Pour notre première interview dans Parlons Soca nous avons le plaisir d’avoir Wetty Beatz. Une occasion unique d’échanger avec ce virtuose de la musique qui a clairement imposé son talent dans la musique Soca depuis quelque temps déjà.


BJ : Wetty peux-tu nous décrire ce que représente la musique Soca en 3 mots ?

Wetty Beatz : FOLIE, ÉNERGIE, PUISSANCE.


BJ : Peux-tu nous expliquer ces choix ?

Wetty Beatz : Parce que la musique Soca nous donne tellement d’énergie. Quand tu arrives à une fête et que tu vois la réaction des gens sur cette musique. La joie qu'ils ressentent. Cela te donne envie de faire la fête et de partager ce que les autres vivent grâce à cette musique. De faire la même chose qu'eux. Surtout quand tu as bu*, tu ne penses plus à rien, tu t’amuses simplement. C’est tellement puissant. La musique Soca est puissante.


BJ : Comment vois-tu la Soca dans 5 ans ?

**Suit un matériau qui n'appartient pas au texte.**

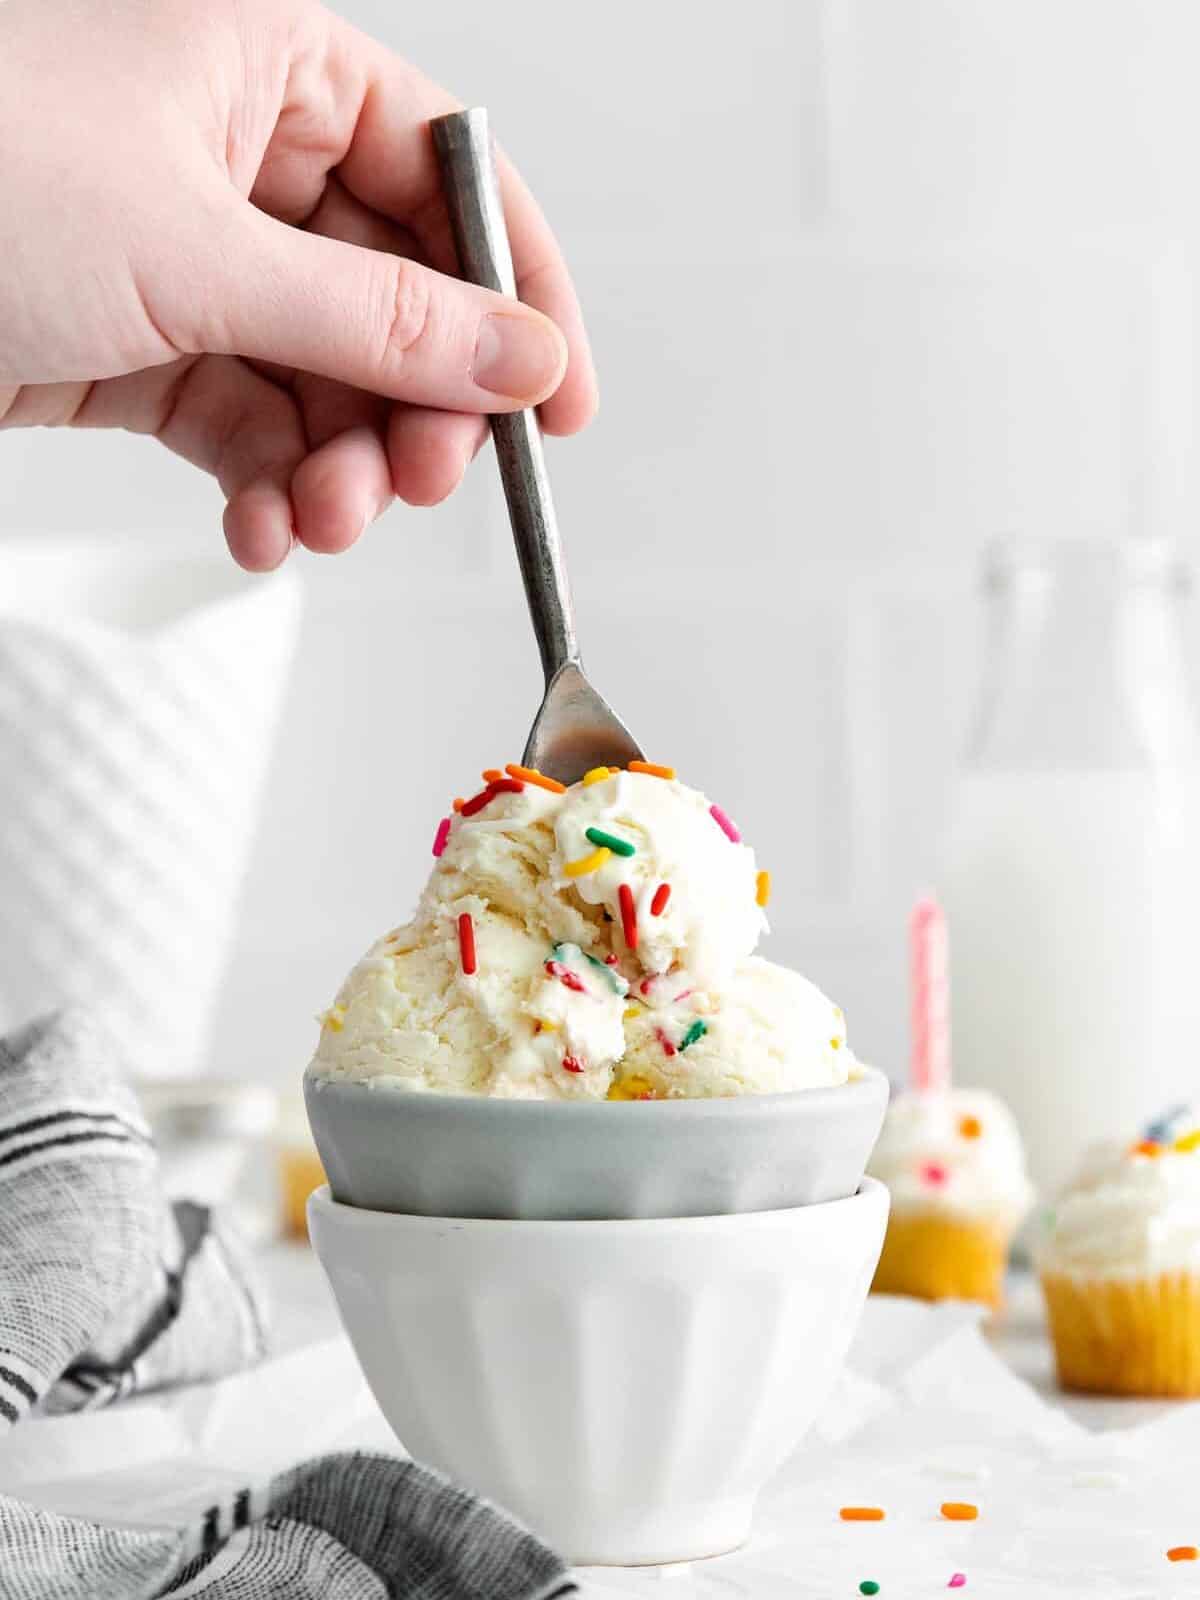 side view of a hand plunging a spoon into birthday cake ice cream in a gray bowl set in a white bowl.
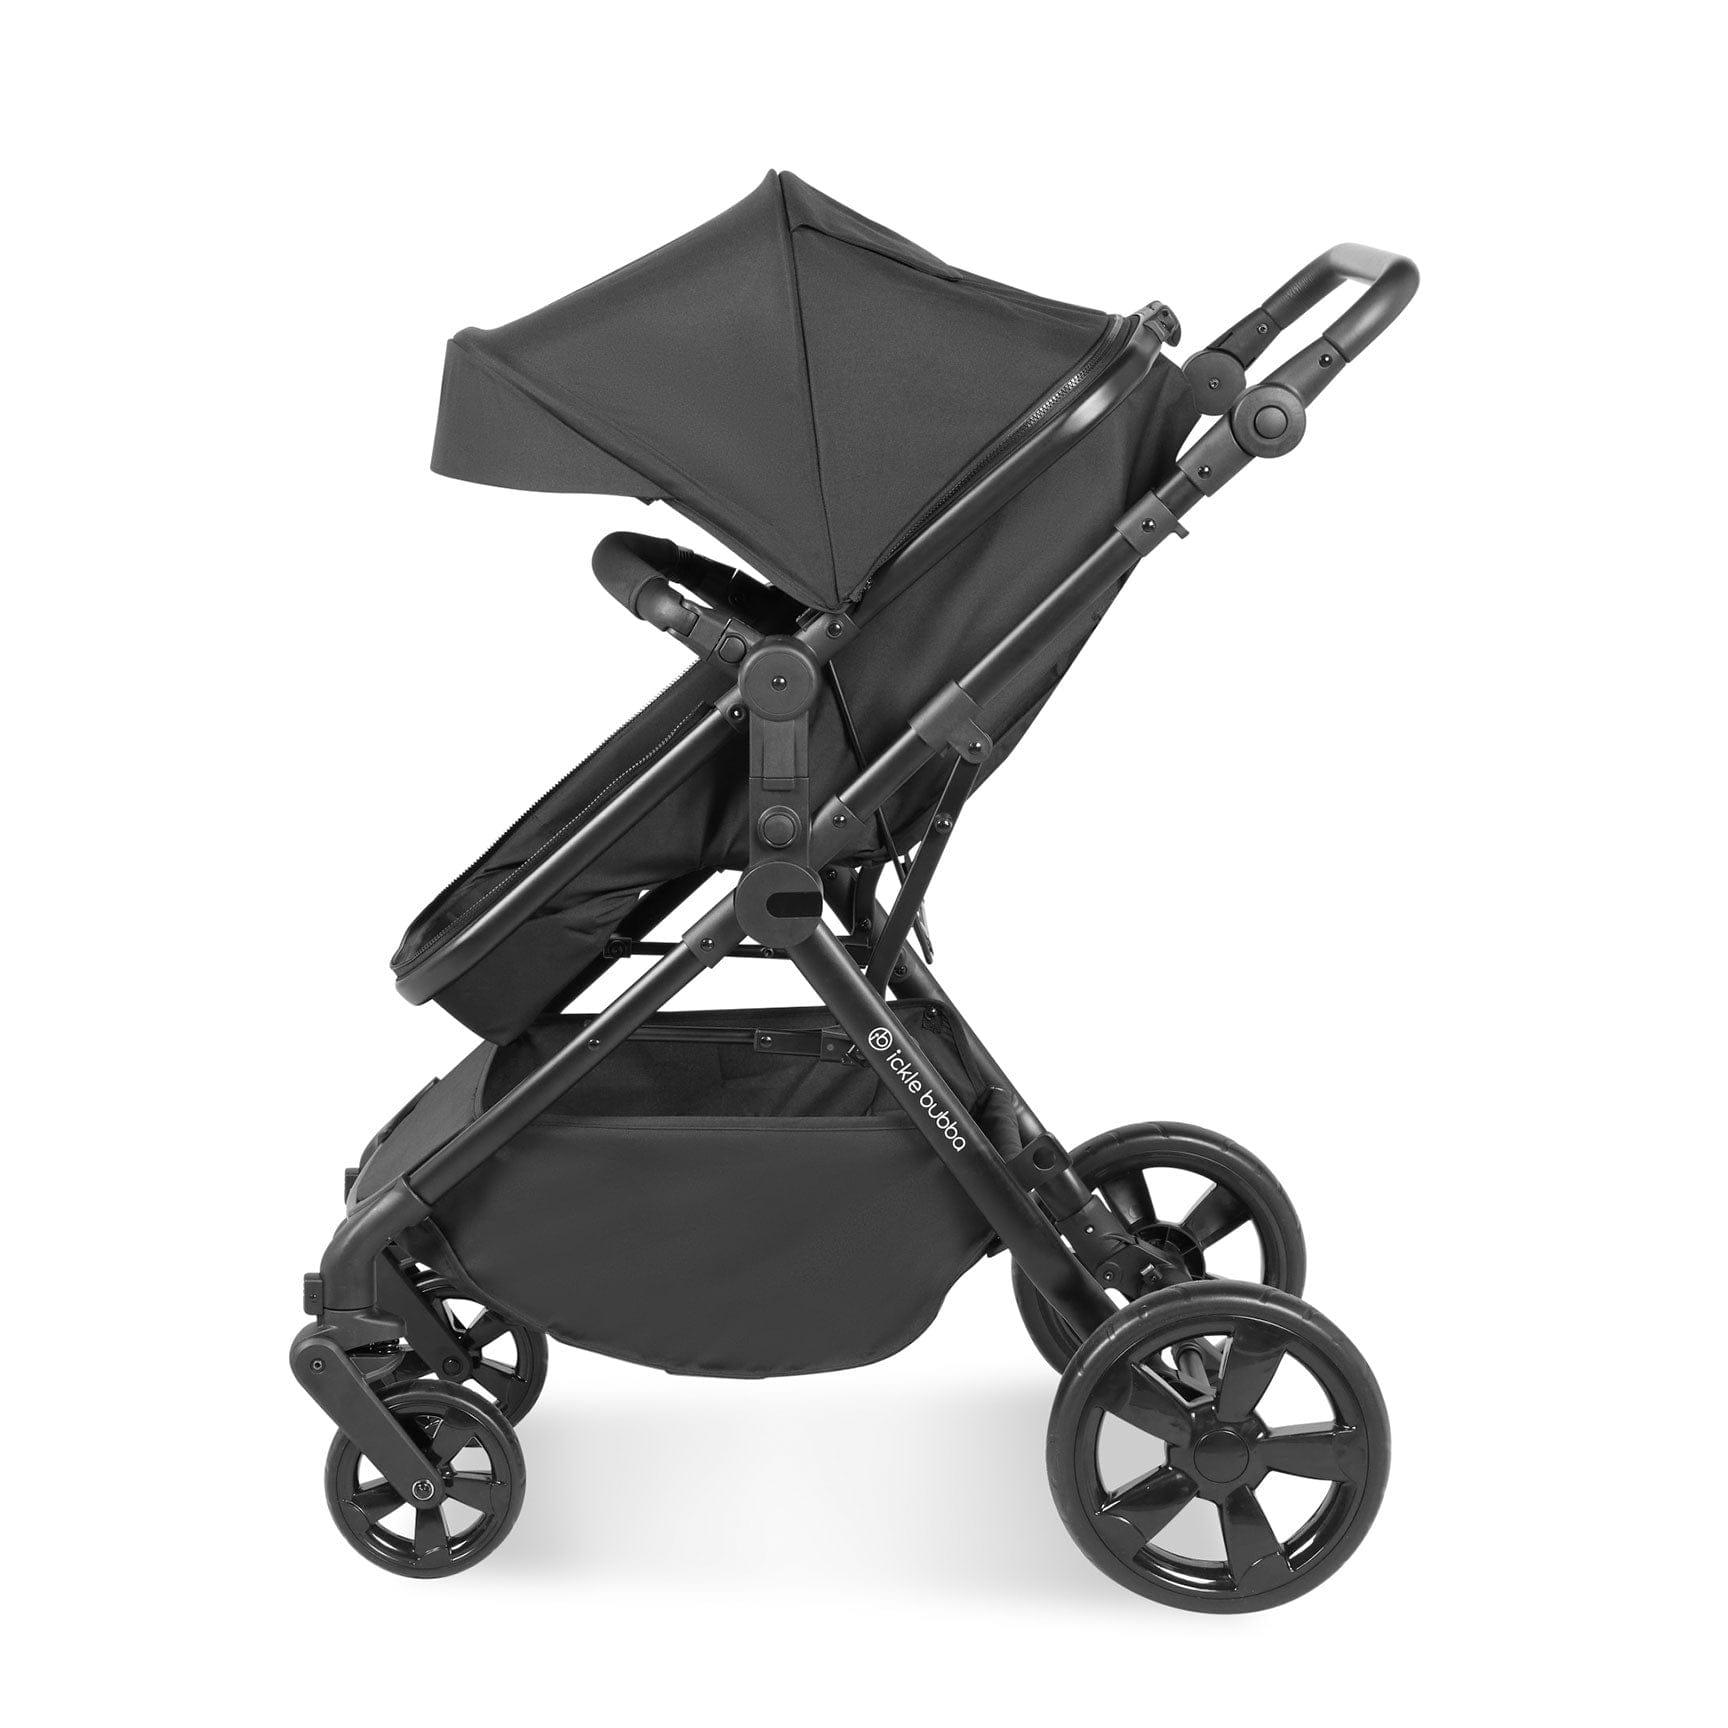 Ickle Bubba Comet 3-in-1 Travel System with Astral Car Seat in Black Baby Prams 10-008-101-002 5056515025750

Wetty Beatz : En tant qu'artiste-producteur, j’ai un son unique. Je pense que de bonnes choses devraient sortir dans les 5 prochaines années, me concernant. Je me vois très loin car j’ai de nouvelles sonorités qui arrivent. Ça devrait influencer les gens et ça a d’ailleurs déjà commencé. Ça va aussi donner l’envie au public de s’ambiancer sur mes sons.


BJ : On te voit beaucoup sortir des singles et des riddim, à quand l’album ?

Wetty Beatz : Oui, je travaille dessus actuellement et si tout va bien, je pense pouvoir le sortir à la fin de l’année. J’espère que vous allez l’apprécier, il y a beaucoup de bonnes vibes dedans.



BJ : …donc ça veut dire que tu as travaillé dessus pendant la pandémie. Comment as-tu géré les sorties de tes projets pendant cette période ?

Wetty Beatz : Et bien, je suis un couteau suisse ! Je fais beaucoup de choses au quotidien. Je suis un artiste, un producteur, un ingénieur, et un compositeur. J’aime aussi le dessin. C’est quelque chose que je fais pour moi, pas vraiment dans le but de le présenter à mon public, bien que c’est moi qui ai conçu les dessins pour le “Super Saiyan Riddim”.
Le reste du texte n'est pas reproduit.